HERO‐英雄‐

 英雄 ~HERO~ スペシャルエディション [DVD] 【注意】ネタバレあり
この作品「アクション映画」でも「史劇」にもあらず。中国ならではの「武侠映画」と強く心得て観るべし。
 
 「武侠」の「武」は「武術」であることに異論はないでしょう。「武術」と「アクション」は似ていますが、「アクション」が派手さとリアリティの追求にあるとしたら、「武術」は「型」「様式美」の追求と言えるかもしれません。(奇しくも、映画の中では、「書」と「剣術」の極意は同じというようなことが語られていました。)だから、ワイヤーで宙を仙人のごとくぴょんぴょん飛び回るのを「リアリティがない」などと非難しても、見当違いというものです。武術の達人たちの究極の技の「型」をあらわしているのですから。

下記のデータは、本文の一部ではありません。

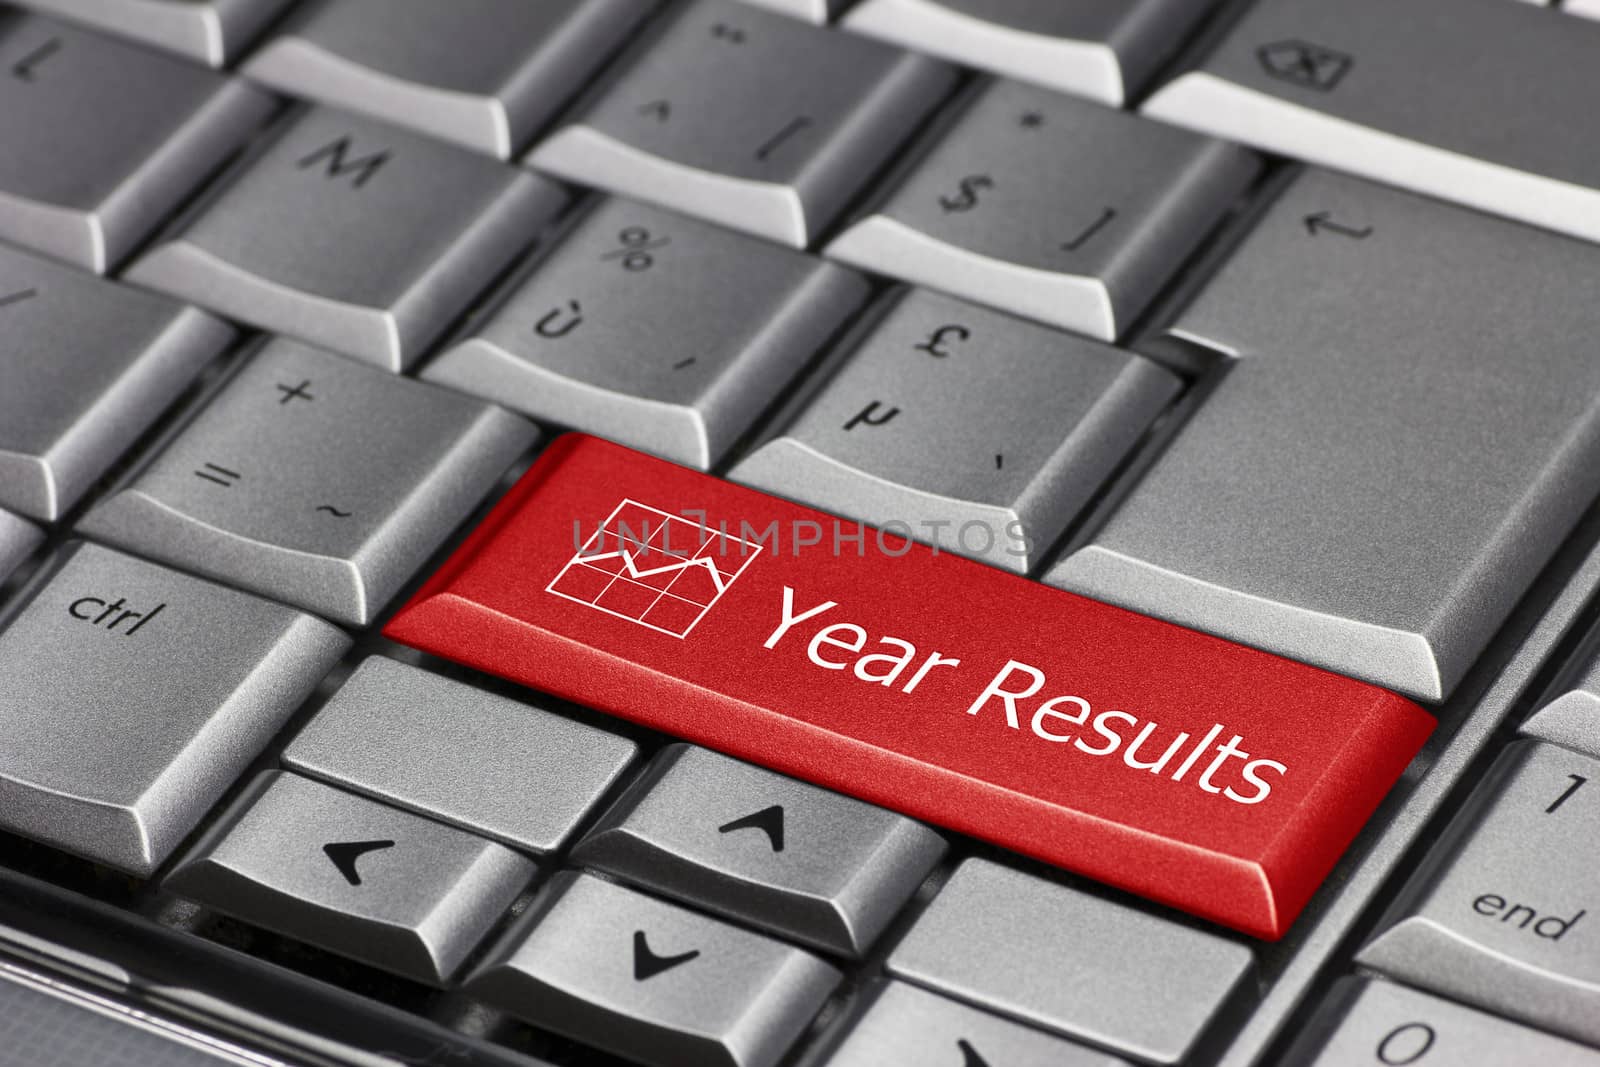 Computer key - Year Results by jurgenfr

 それでもまだ、「武」=「武術」の部分を単純に「アクション」という言葉に置き換えることは可能ですが、「侠」の部分はどうしても埋めることはできません。「侠」は「おとこぎ」。すなわち、損得を顧みず弱い者のために力を貸す気性を意味します。(大辞林より)つまり、武術の達人たちが戦乱の続く古代中国に平和をもたらすために命をかけて秦王に挑む、その心意気があってこその「武侠映画」=「HERO」なのです。
 だから、主人公無名の真の目的を最後に知る段になっても
「…それって裏を返せば『チベットも香港も台湾も、ツベコベ文句を言ってないで、さっさと偉大なる我が中華人民共和国の元に統一されるがヨロシ。それが天下泰平の理アルヨ』っていう大国の都合のいい論理じゃないの?ブッシュ大統領も好きそうな考えよね」
などとツッコミを入れてはいけません。それは『水戸黄門』を観て「なんで見知らぬジジイが印籠出しただけで、悪党が揃いも揃って水戸光圀だって信じちゃうわけ?」とツッコミを入れるのと同じくらいヤボなことです。そういうものなのです。ちっぽけな私怨(祖国が秦国に滅ぼされようと)を捨て、大義(徳の高い王?が統治する戦争のない世の中の実現)に生きる、その美しき心意気に涙する映画なのです。たとえ無名たちの死後も秦王(始皇帝)は「焚書坑儒」などやりたい放題なのが史実だったとしても。
 以上の心得を持ってして観れば、手放しに面白い作品と言えると思います。舞い踊るが如くの戦いのシーン、またワダエミの衣装、シーンごとに赤・青・緑・白と計算された尽くした色使いはすばらしい。個人的にはマギー・チャンの大人の女性の魅力にぐっときました。彼女と並ぶとチャン・ツィイーはまだまだ小娘という感じがしてしまいます。